Attention : la convention collective applicable peut prévoir un salaire minimum conventionnel, selon le coefficient de salaire applicable.

Le temps de travail dans le contrat de travail

Le temps plein est le contrat de travail de base : ainsi, en l’absence d’écrit, la relation sera par défaut qualifiée de CDI à temps plein.

La durée légale hebdomadaire maximum de travail est de 35 heures, avec toutefois des aménagements possibles permettant de prévoir une durée supérieure dans certains cas strictement autorisés (notamment par l’instauration d’un forfait jour lorsque la convention collective l’autorise).

En cas de temps partiel, un contrat écrit sera nécessaire, avec une durée minimum de 24 heures par semaine (ou l’équivalent en comptage mensuel), comportant également des exceptions permettant de prévoir des durées de travail en dessous de ce minimum légal, notamment à la demande expresse du salarié ou si la convention collective le prévoit.

Il est possible, au sein d’un même contrat de travail, de passer du temps partiel au temps complet, ou l’inverse (sous certaines conditions) en signant un avenant, comme l’avenant au contrat de prestation de service.

Le temps complet

La durée légale du temps complet est fixée à 35 heures par semaine, pour toutes les entreprises quel que soit leur effectif.

Il s’agit d’une durée de référence, un seuil à partir duquel, sauf exceptions, sont calculées les heures supplémentaires : il ne s’agit ni d’une durée minimale (les salariés peuvent être employés à temps partiel), ni d’un maximum (sauf pour les travailleurs de moins de 18 ans), puisque des heures supplémentaires peuvent être accomplies.

La durée légale du travail à temps complet

La durée légale du travail pour un temps complet est fixée à 35 heures par semaine (ou 1 607 heures par an) pour toutes les entreprises, quel que soit leur effectif.
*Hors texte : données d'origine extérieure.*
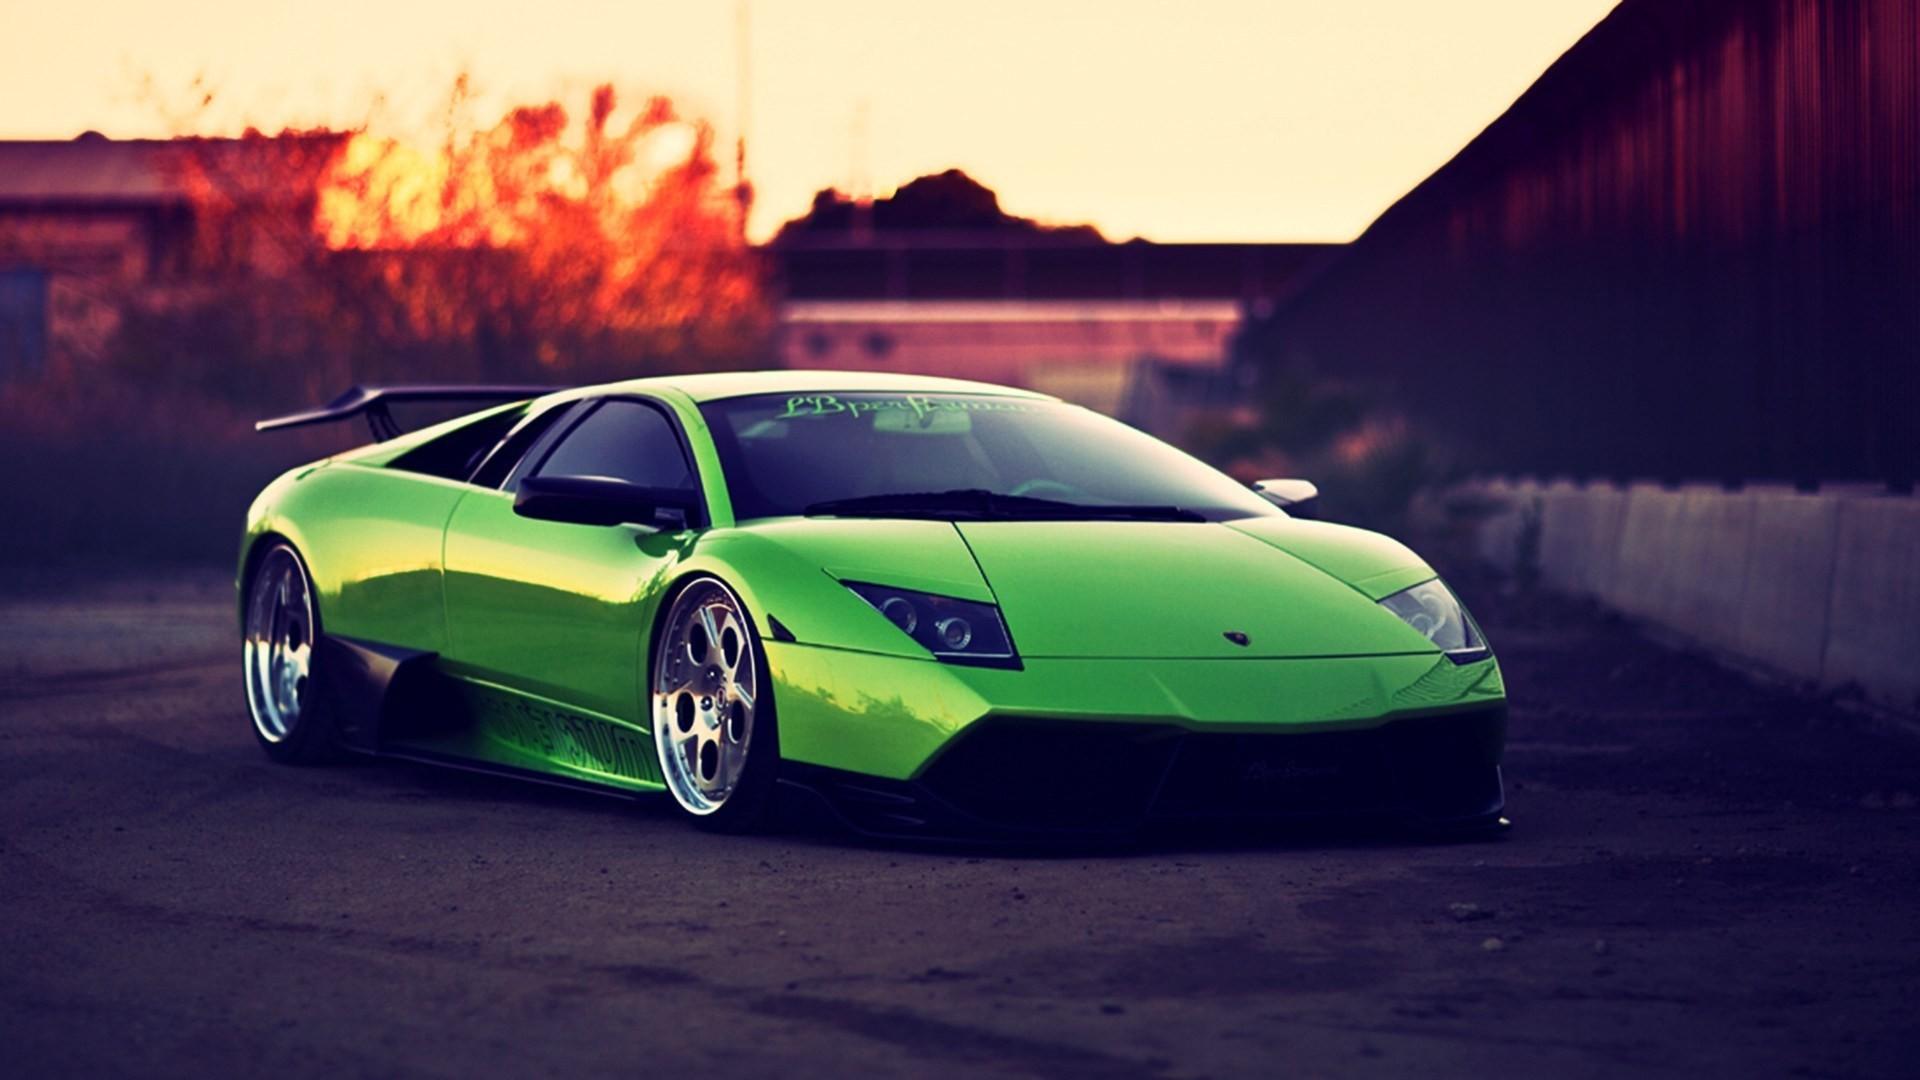 Lamborghini Reventon HD Wallpaper (85+ images)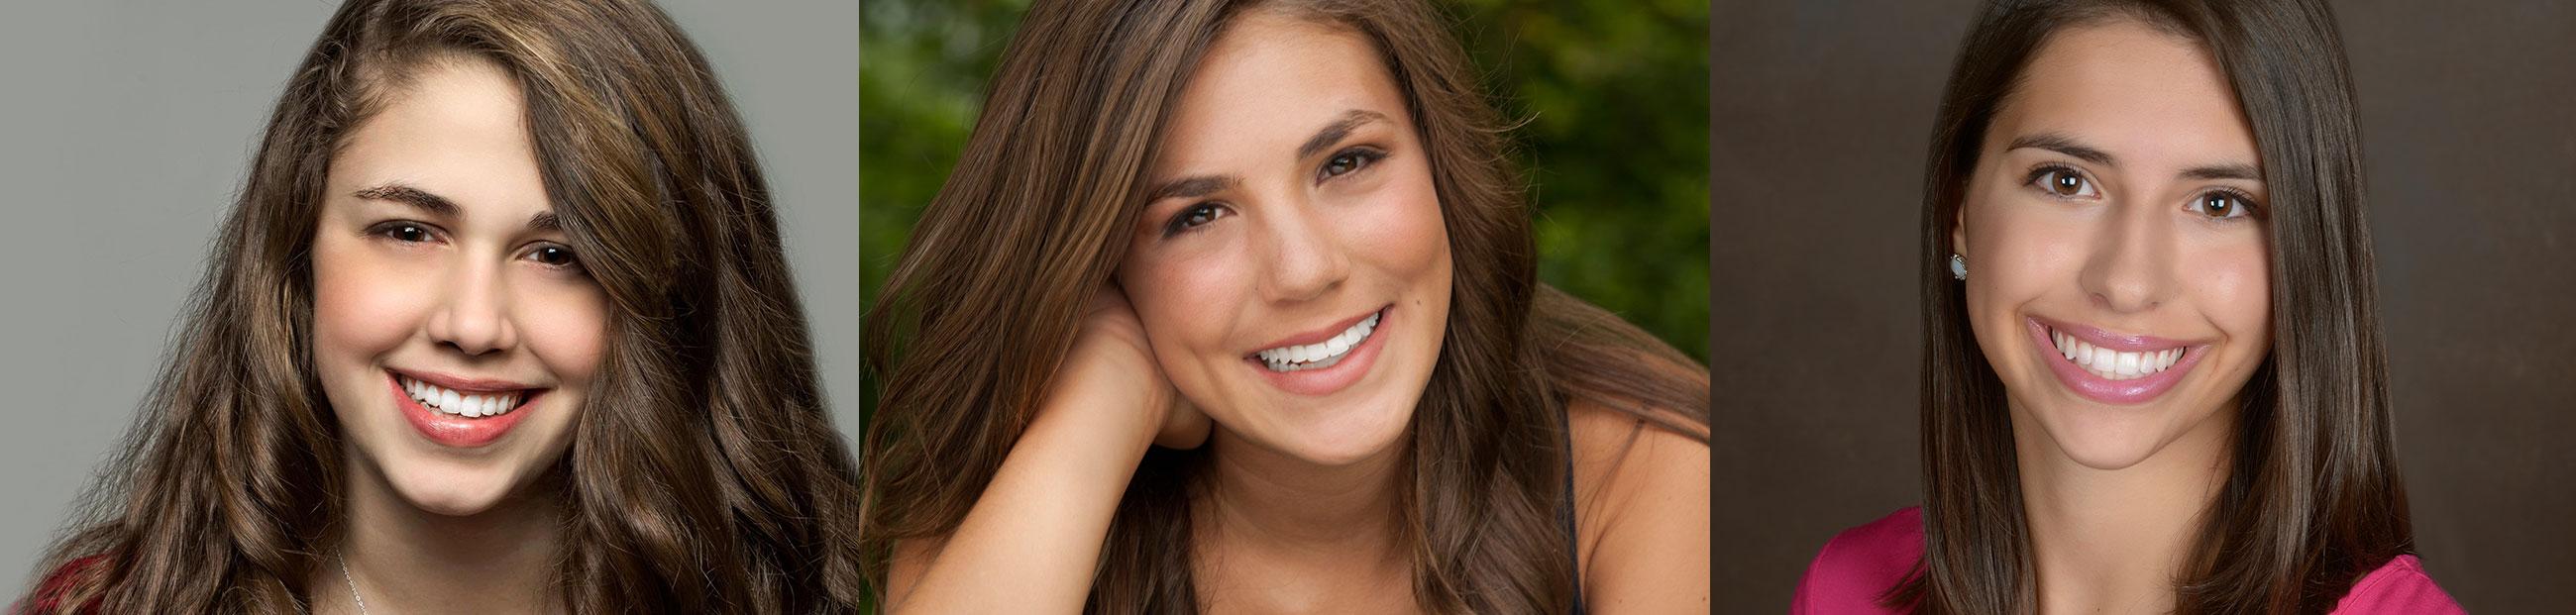 Why orthodontics matters

Cependant, des dispositions conventionnelles ou collectives peuvent prévoir une durée de travail hebdomadaire supérieure ou inférieure à 35 heures.

Attention : le salarié ayant la qualité de cadre dirigeant n’est soumis à aucune durée de travail (ni minimale, ni maximale).

La durée de travail maximale quotidienne ne doit pas dépasser 10 heures par jour, sauf dérogations sous réserve de l’accord de l’inspection du travail. La durée de travail maximale hebdomadaire quant à elle, ne doit pas dépasser 48 heures sur une même semaine, et 44 heures par semaine en moyenne sur une période de 12 semaines consécutives.

La durée légale de travail pour un jeune de moins de 18 ans

La durée légale de 35 heures est applicable à tout salarié de moins de 18 ans. La durée de son travail ne peut pas être supérieure à la durée quotidienne ou hebdomadaire normale du travail des adultes employés dans l’établissement.

L’employeur doit laisser au salarié soumis à l’obligation de suivre des cours professionnels pendant la journée de travail le temps et la liberté nécessaires au respect de cette obligation. Par ailleurs, le temps consacré à la formation dans un établissement d’enseignement est considéré comme un temps de travail effectif. SAchez également qu’une clause dite “dédit formation” est parfois insérées dans les contrats de travail. Elle impose au salarié de rembourser tout ou partie des frais engagés dans sa formation, dans le cas où il déciderait de quitter l’entreprise avant un certain délai, mentionné au contrat.

Attention : aucun salarié de moins de 18 ans ne doit travailler plus de 4h30 de manière ininterrompue. Par conséquent, lorsque le temps de travail quotidien est supérieur à 4h30, le salarié doit bénéficier d’un temps de pause de 30 minutes consécutives minimum.

Le temps partiel

Dans le cas où le travail est organisé à temps partiel, le salarié est tenu de travailler pendant une durée minimale (sauf exceptions). Celle-ci est précisée dans le contenu du contrat.

Le salarié à temps partiel peut être amené à effectuer des heures complémentaires, dans certaines limites. Les heures complémentaires font l’objet d’une majoration de salaire.

Le travail à temps partiel peut être organisé sur la semaine, sur le mois ou sur l’année.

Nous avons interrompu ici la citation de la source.